The active sites of α and α′ are structurally different. A) In α, density (shown in mesh) indicates the presence of substrate GDP and the absence of a disulfide between C225 and C462. Catalytic residues C439 and E441 are shown for context. B) In α′, density for GDP is absent and density is present indicative of a disulfide. C) A ~3 Å shift of Cα of both C225 and C462 toward C439 and E441 within the active site of α′ is consistent with a disulfide between C225-C462, suggesting a post-turnover state. Arrow represents the directionality of this movement between α and α′. Density threshold for cryo-EM map in A) and B) were set to same level (0.0384).

The oxidation of the C225/C462 cysteine pair is accompanied by a ~3 Å shift of Cα of both C225 and C462 towards the thiyl radical-forming C439 (Fig. 4C). This movement mirrors that observed in previous α2 crystal structures with reduced (13) and oxidized (14) cysteine residues (Fig. S11C, D). Notably, the disulfide generated by catalysis physically occludes the active site (Fig. 4B), likely facilitating product release. However, our structural data show that product cannot leave when the PCET pathway is intact as its exit is blocked (Fig. 2B).

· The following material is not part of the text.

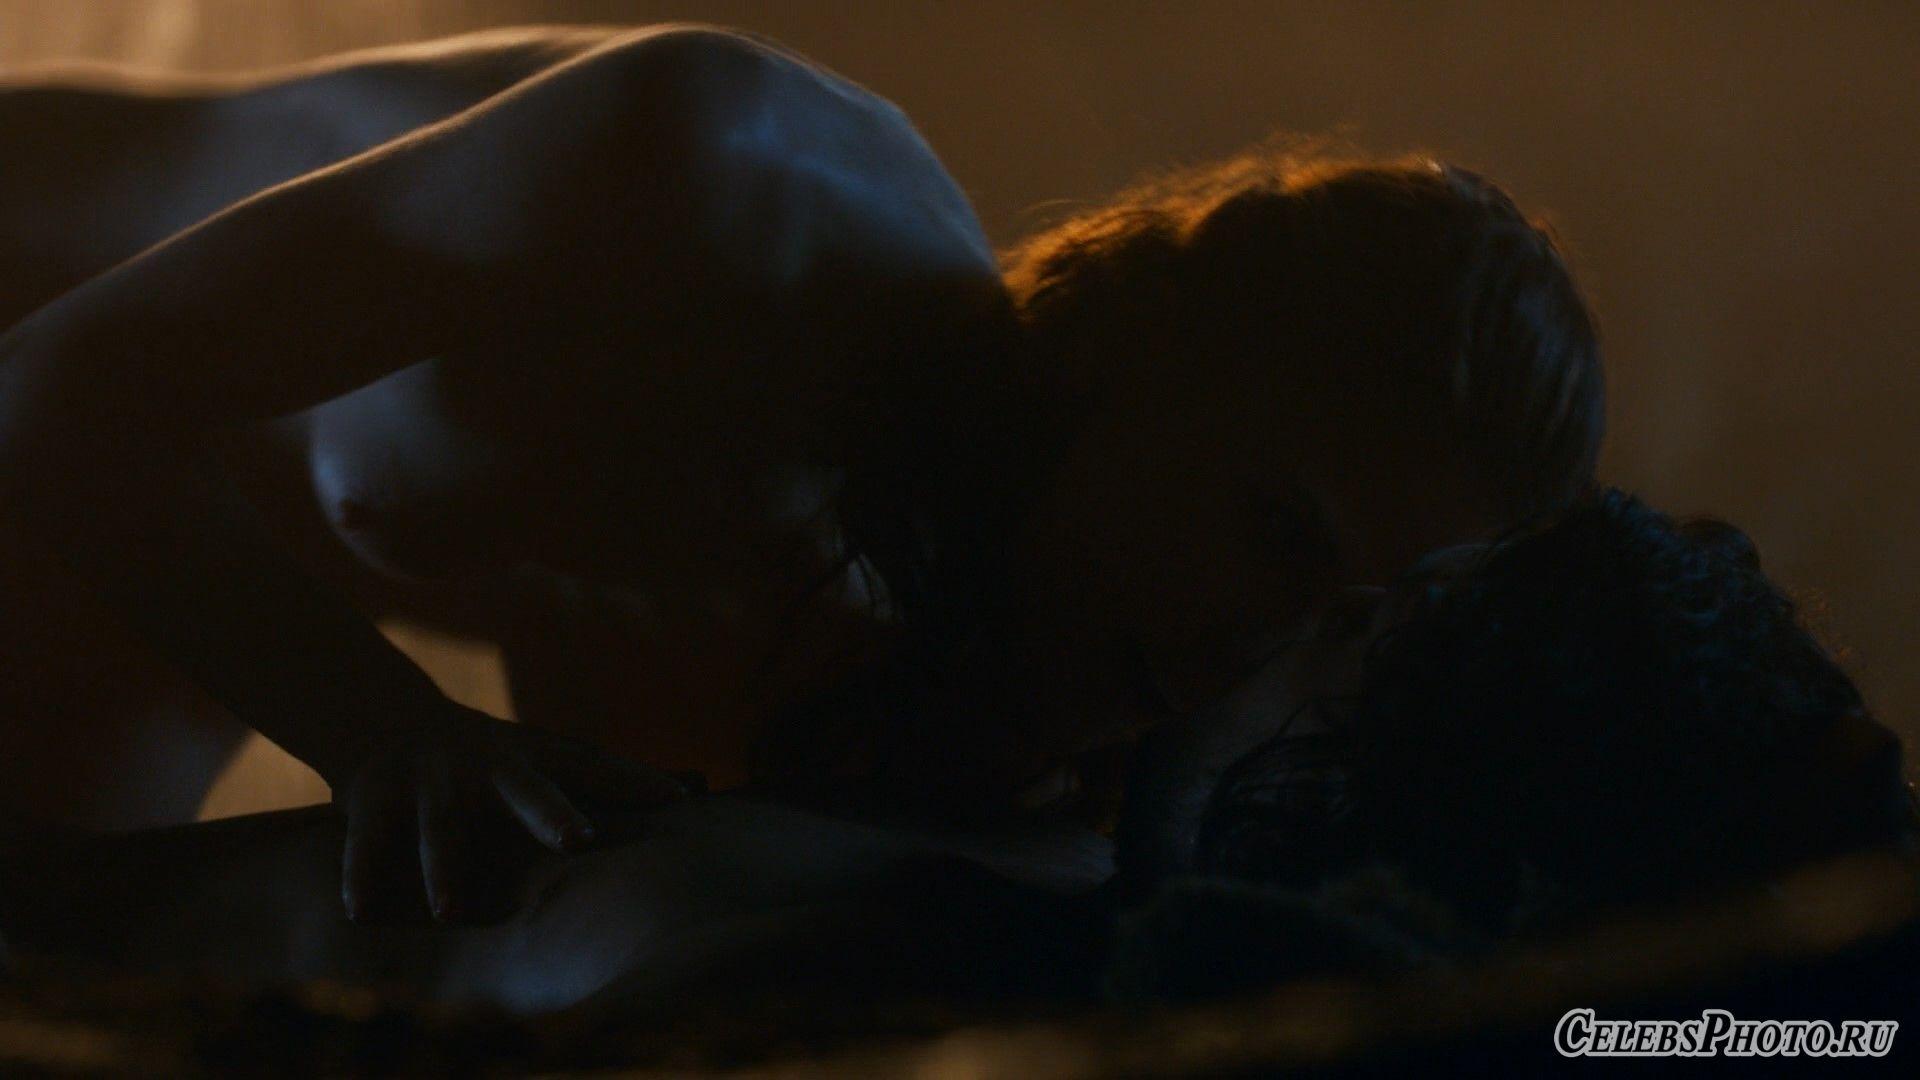 Игра престолов – Роуз Лесли

Thus, a possible molecular mechanism for PCET pathway dissolution involves disulfide formation ‘pushing’ on product, and product ‘pushing’ on β, causing β to swing from α′ to α (Fig. S12). The displacement of β from α′ also appears necessary for the re-reduction of the active site disulfide, which is completely buried when the PCET pathway is intact. We observe that α′ still has its specificity effector bound, indicating that product loss is not necessarily coupled with that of the substrate-specificity effector.

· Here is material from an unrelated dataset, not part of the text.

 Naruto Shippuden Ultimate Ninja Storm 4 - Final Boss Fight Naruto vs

These structural views of α and α′ provide insight into both PCET pathway assembly and disassembly, respectively, suggesting how substrate binding could serve to create the PCET pathway pocket, and how turnover (cysteine oxidation) could send a molecular push enabling pathway disassembly. The elegance of this molecular design has not escaped our attention, with one binding event/catalytic step triggering the next, guiding this enzyme through a series of elaborate conformational rearrangements that produce the requisite deoxynucleotide levels for DNA biosynthesis and repair.

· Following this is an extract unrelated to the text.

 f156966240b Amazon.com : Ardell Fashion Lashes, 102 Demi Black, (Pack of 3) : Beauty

The structure of the α2β2 active complex presented here is the culmination of decades of biochemical and structural studies (3, 7–9, 28–31) (Fig. S13) and provides a powerful example of the utility of unnatural amino acids for trapping transient protein-protein complexes. It also provides an illustration of the benefit of cryo-EM for studying transient enzyme complexes. Use of the doubly-substituted β2 slowed complex dissociation to the minute time scale of cryo-EM grid generation, but not to the hour-day time scale that crystallization requires. Without the resolution revolution that the cryo-EM field is experiencing, this work would not have been possible. These resulting structural data will serve as a launching point towards answering other long sought-after questions about both biological PCET and RNR.